Abstract 3562: Chronic Pressure Overload in Rats Reduces Mitochondrial Respiratory Capacity but not Coupling to ATP-Production
Two mitochondrial mechanisms have been suggested for the development of pressure overload contractile dysfunction: mitochondrial dysfunction through uncoupling or through reduced oxidative phosphorylation capacity due to PGC-1α downregulation. We assessed the respiratory capacity and coupling to ATP-production, PGC-1α and downstream target gene-expression, as well as fatty acid oxidation and UCP-expression in rat hearts subjected to chronic pressure overload developing heart failure. Transverse aortic constriction for 20 weeks resulted in heart failure with dyspnoea and pleural effusions, decreased ejection fraction (EF: 53±8% vs. 75±6% sham, p<0.05) and LV dilatation (LVEDD 9,9±0,6 vs. 7,6±0,3mm, p<0.05). Mitochondrial respiratory capacity and substrate oxidation rates were significantly affected in failing hearts.

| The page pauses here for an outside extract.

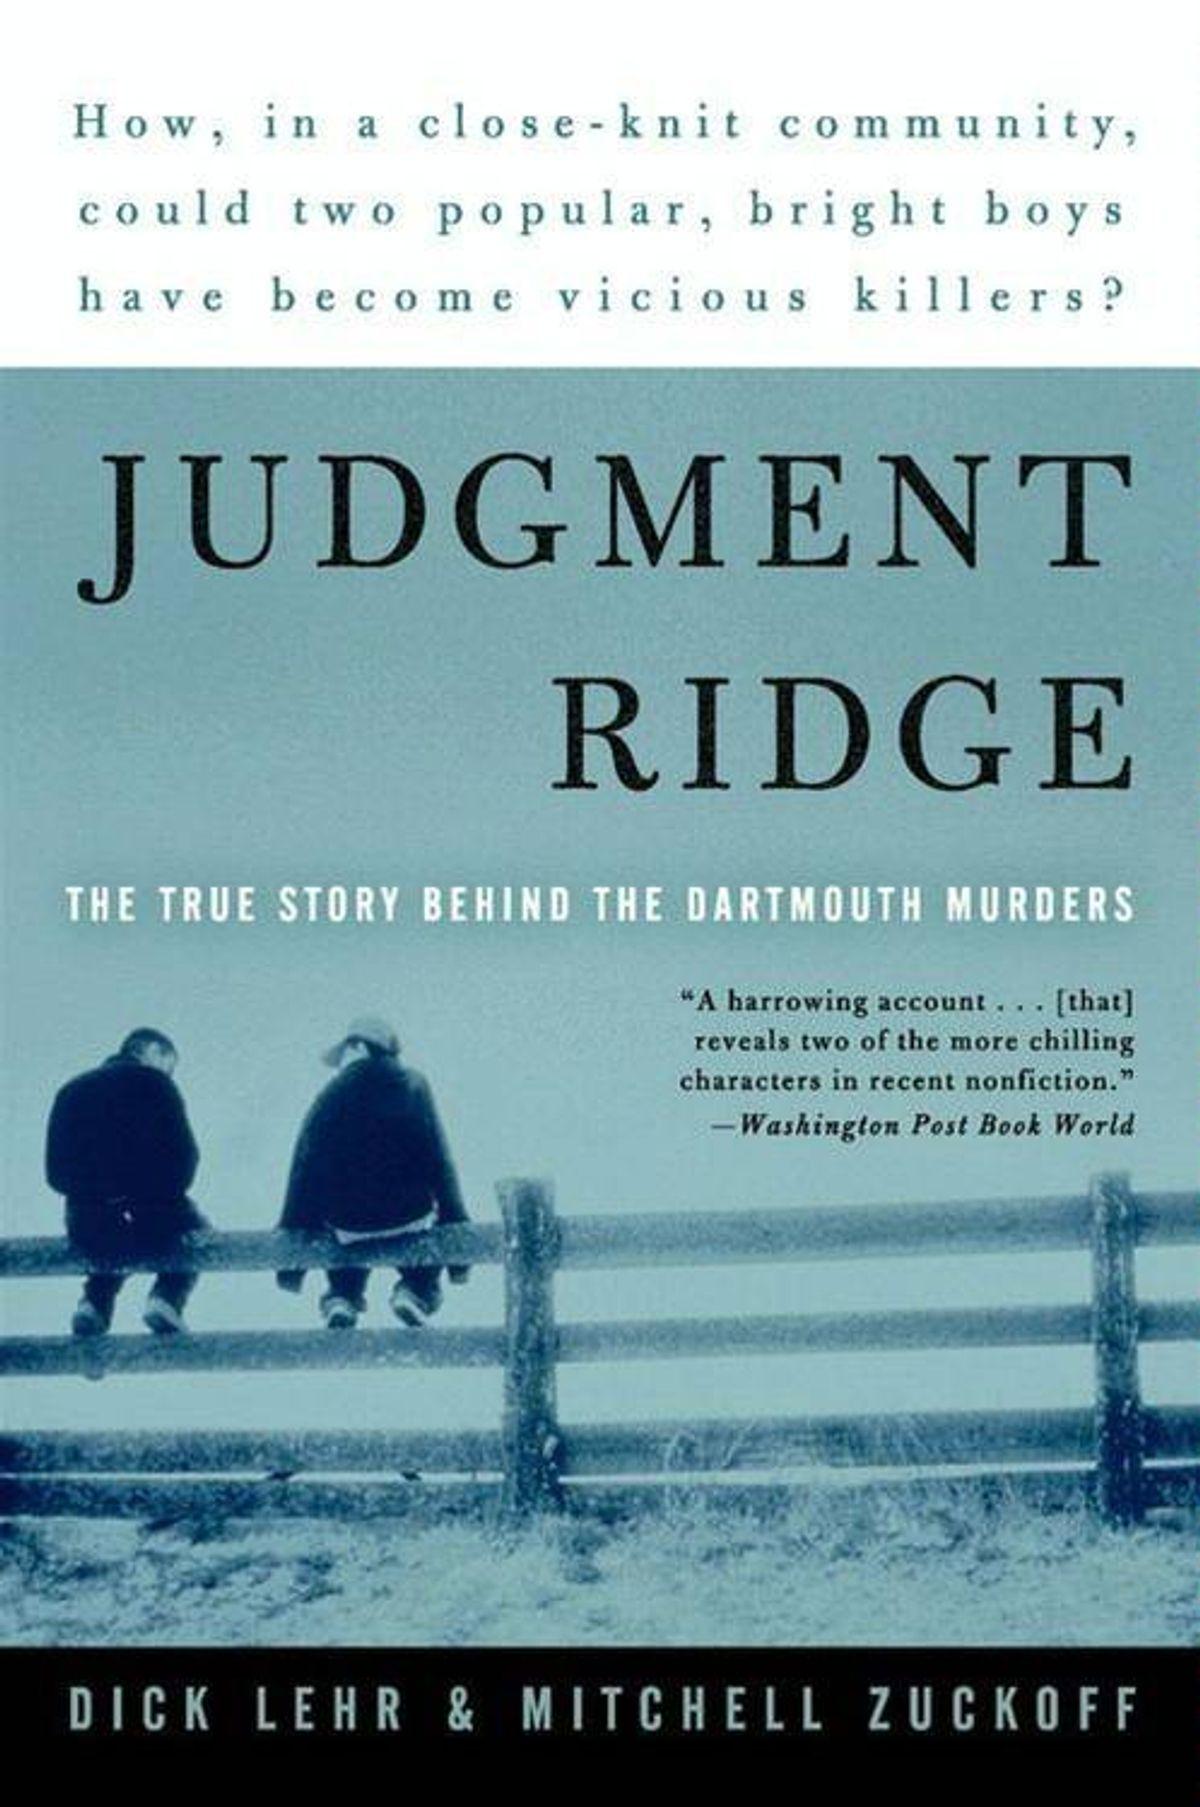 judgment-ridge.jpg

State 3 respiration of isolated mitochondria was significantly reduced with all substrates (natomsO/min/mg protein: glutamate 71±16 vs. 361±58, palmitoyl-carnitine 56±4 vs. 460±59, pyruvate 54±3 vs. 356±49, succinate 148±12 vs. 461±47, p<0.05). This decrease was associated with reduced PGC-1α expression, reduced fatty acid oxidation gene expression (MCAD, LCAD) and reduced rates of fatty acid (μmol/min/gdry: 0,28±0,04 vs. 1,02±0,04) and glucose oxidation (0,16±0,03 vs. 0,38±0,08) in the isolated working heart. The calculated rate of ATP production related to cardiac power in isolated working hearts was increased in failing hearts (μmol/mW: 8,96±1,20 vs. 2,23±0,44) suggesting decreased efficiency. However, coupling of mitochondrial oxygen consumption to ATP production was not affected by chronic pressure overload (ATP/O ratio: glutamate 2,49±0,09 vs. 2,18±0,24; palmitoyl-carnitine 2,56±0,04 vs. 2,51±0,31) suggesting that inefficiency is not due to uncoupling. The expression of mitochondrial uncoupling proteins was also not altered in failing hearts.
Conclusion: The results suggest that downregulation of the mitochondrial oxidative machinery, possibly through dysregulation of PGC-1α, and not uncoupling of the respiratory chain is involved in the development of pressure overload heart failure in rats.